Problem to solve
Each line of the data must be written out again verbatim; no image belongs in the copy.

Supplied material

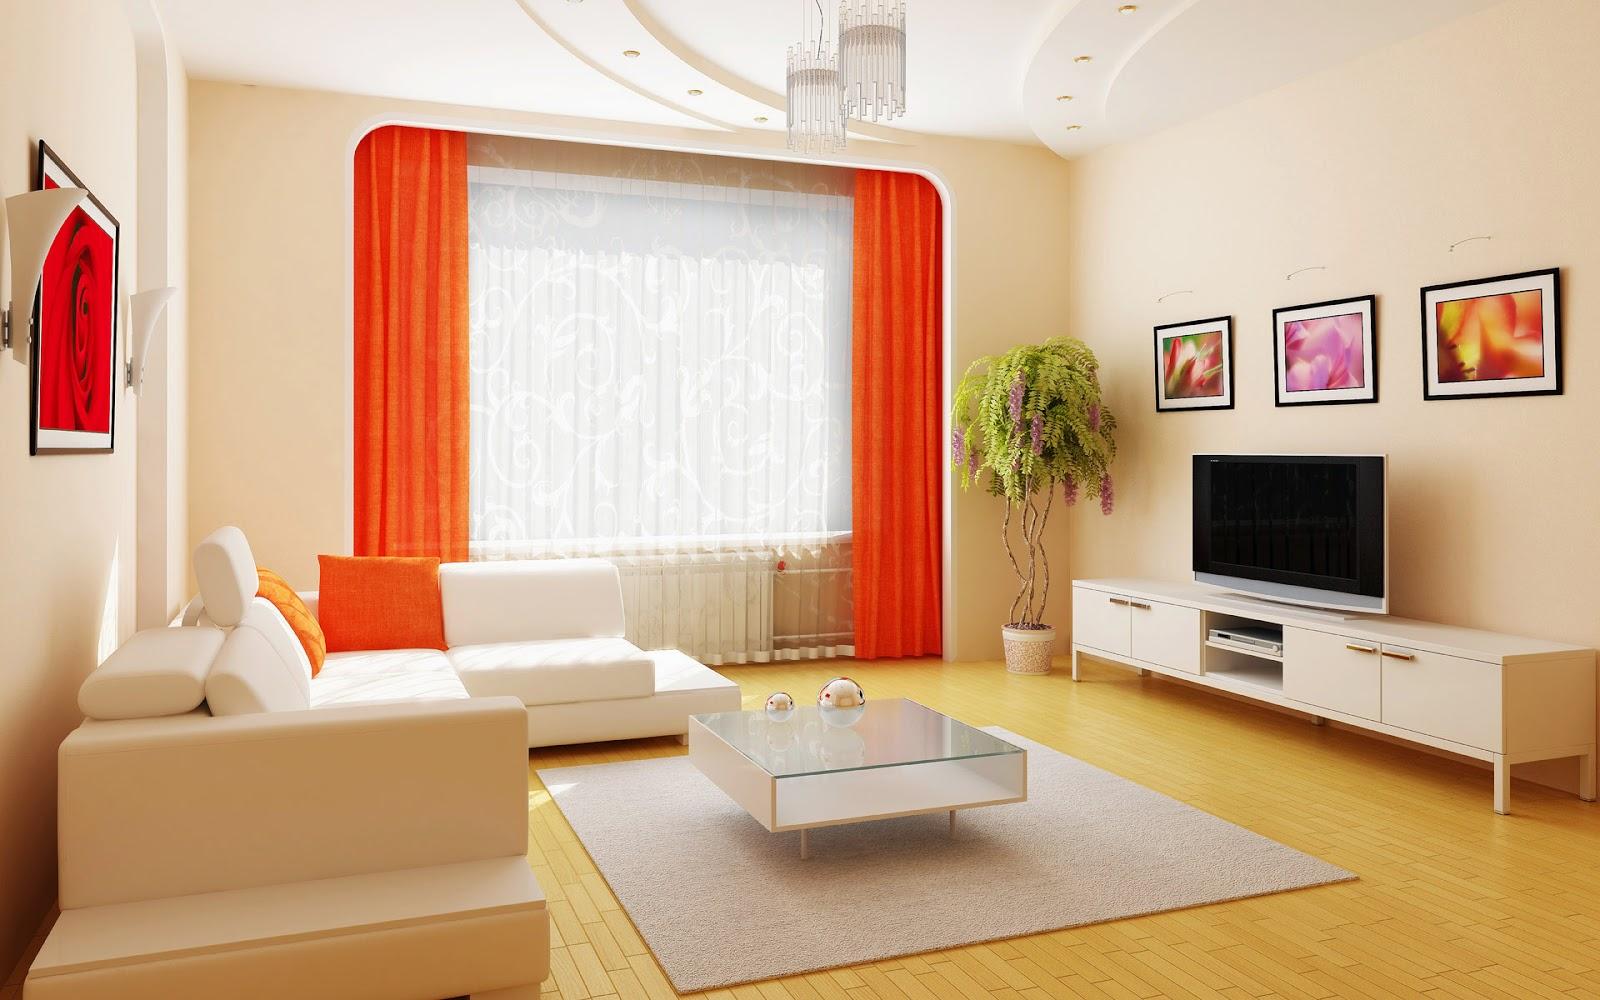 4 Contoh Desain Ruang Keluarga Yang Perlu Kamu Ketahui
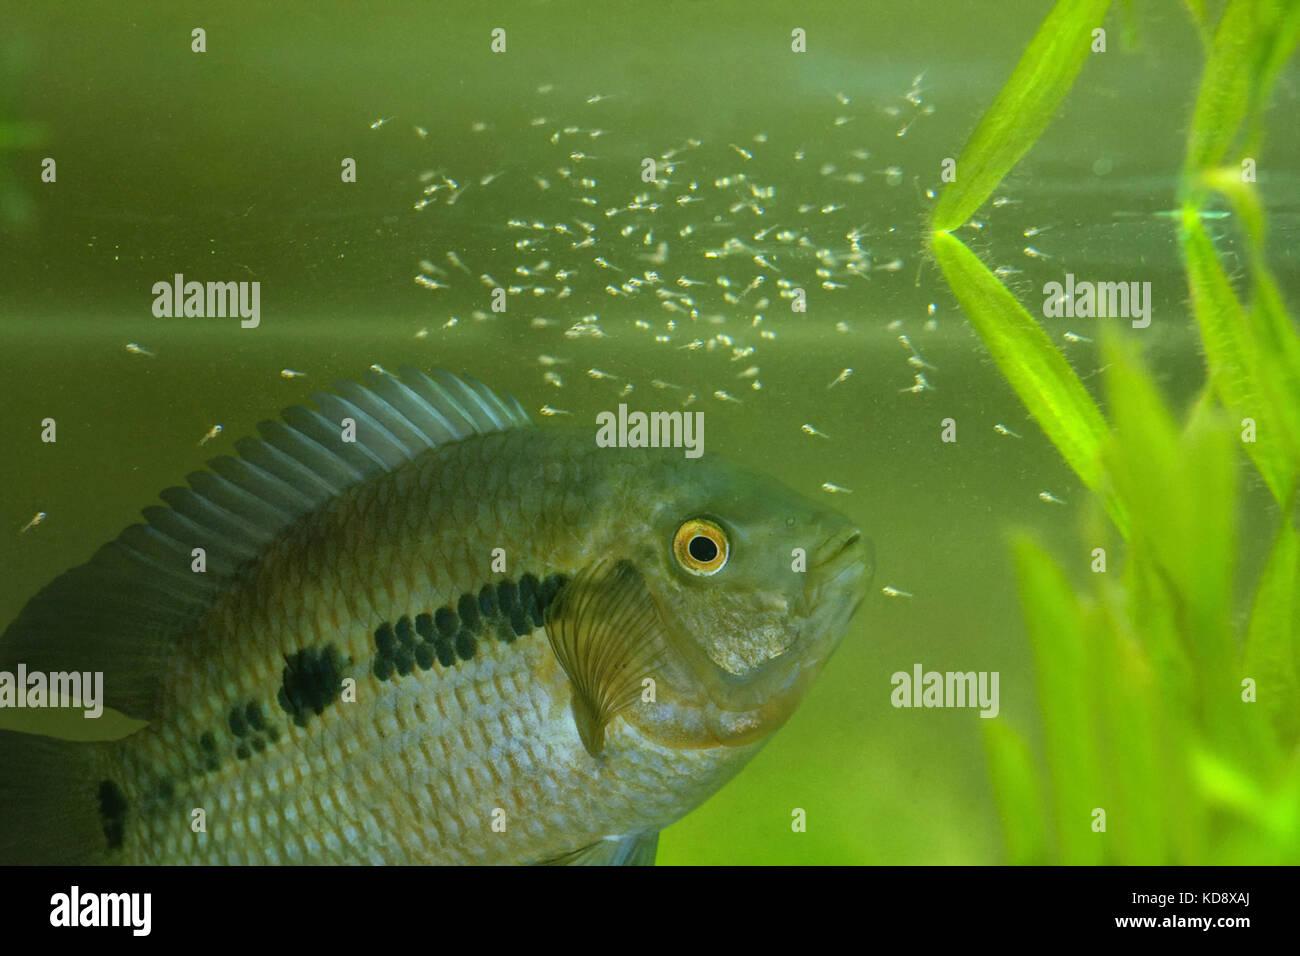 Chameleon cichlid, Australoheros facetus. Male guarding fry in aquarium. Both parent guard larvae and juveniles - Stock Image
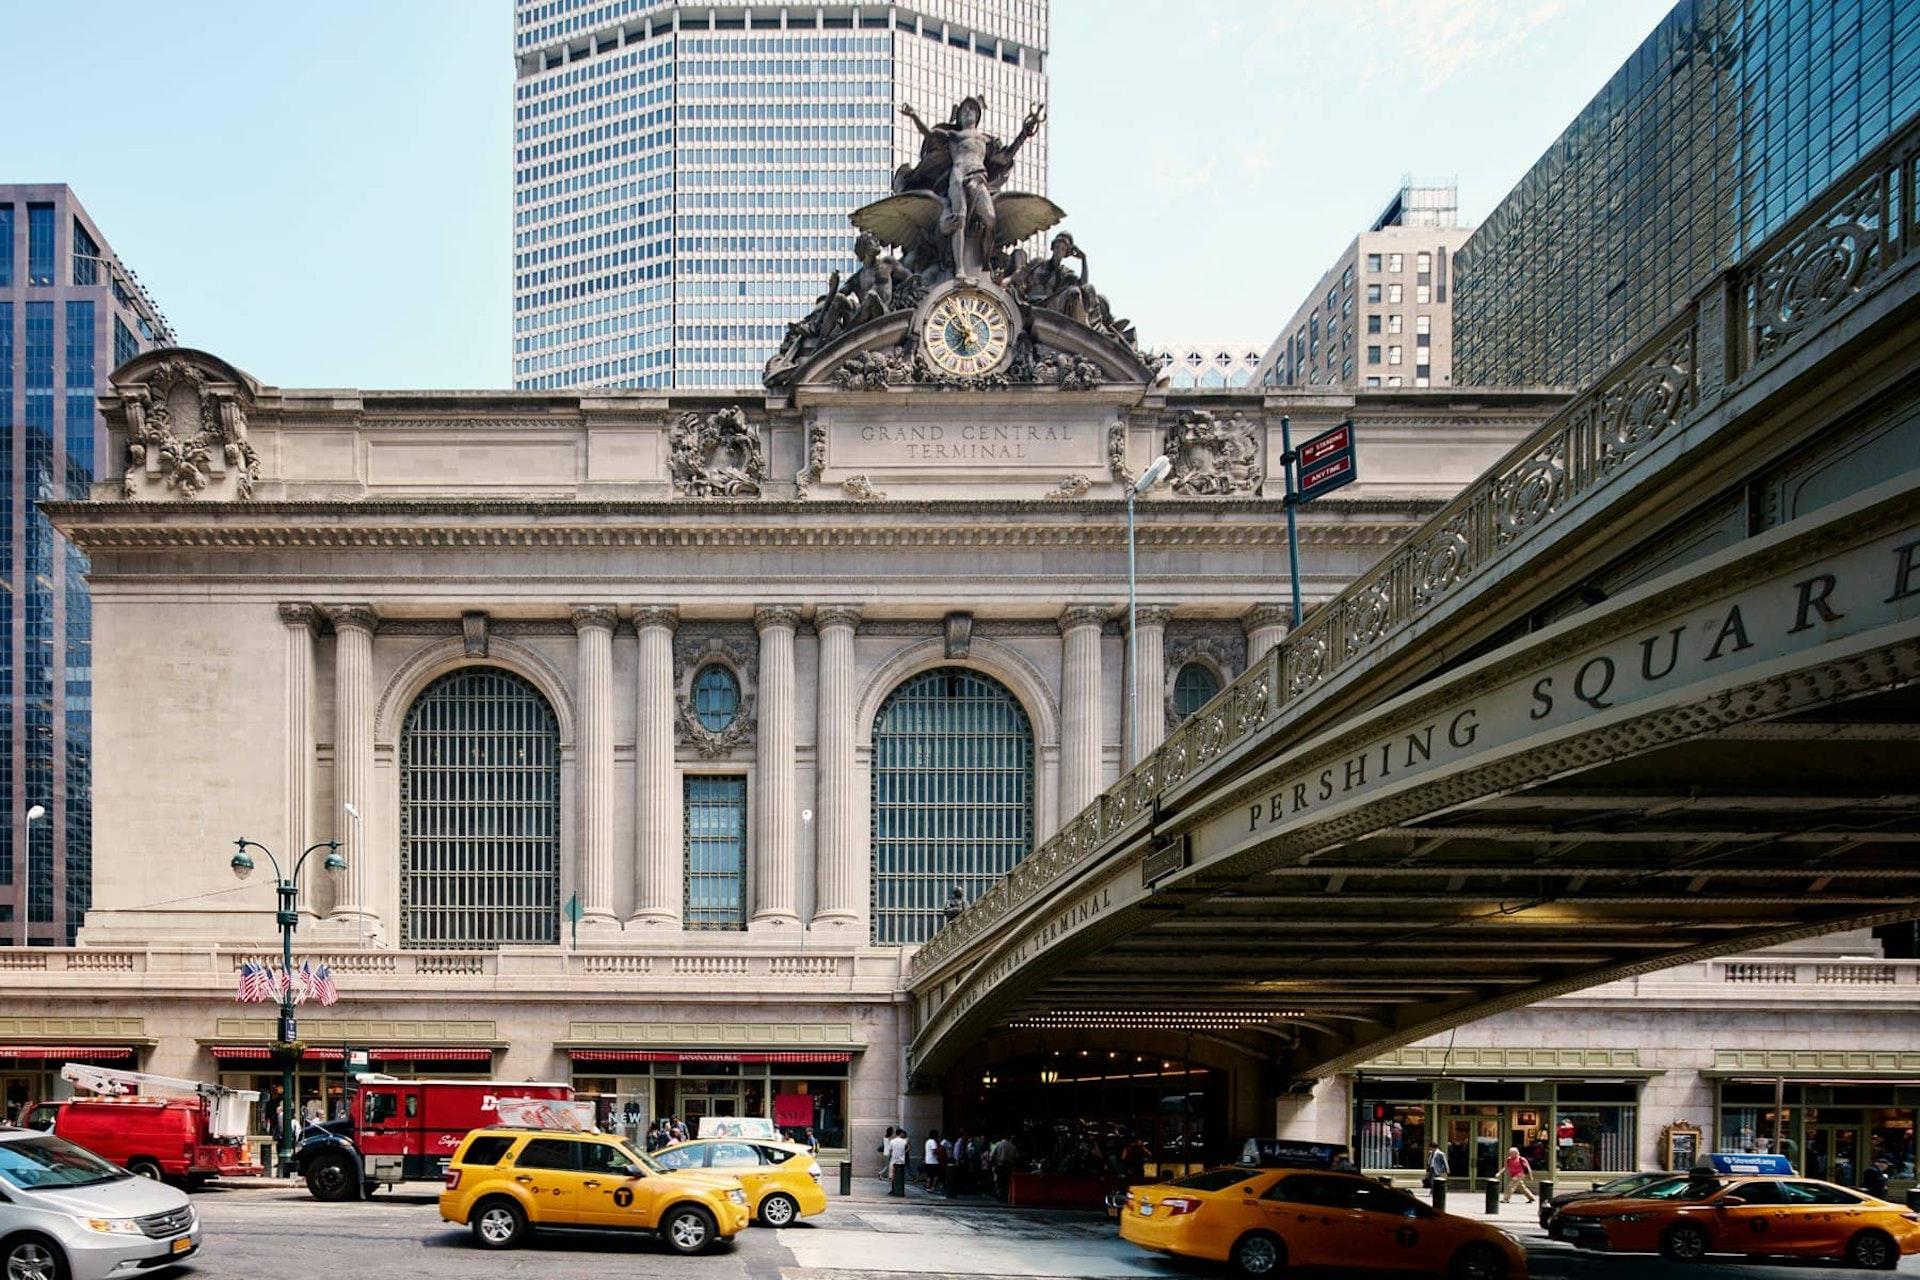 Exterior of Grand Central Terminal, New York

Response below
 4 Contoh Desain Ruang Keluarga Yang Perlu Kamu Ketahui
 Chameleon cichlid, Australoheros facetus. Male guarding fry in aquarium. Both parent guard larvae and juveniles - Stock Image
 Exterior of Grand Central Terminal, New York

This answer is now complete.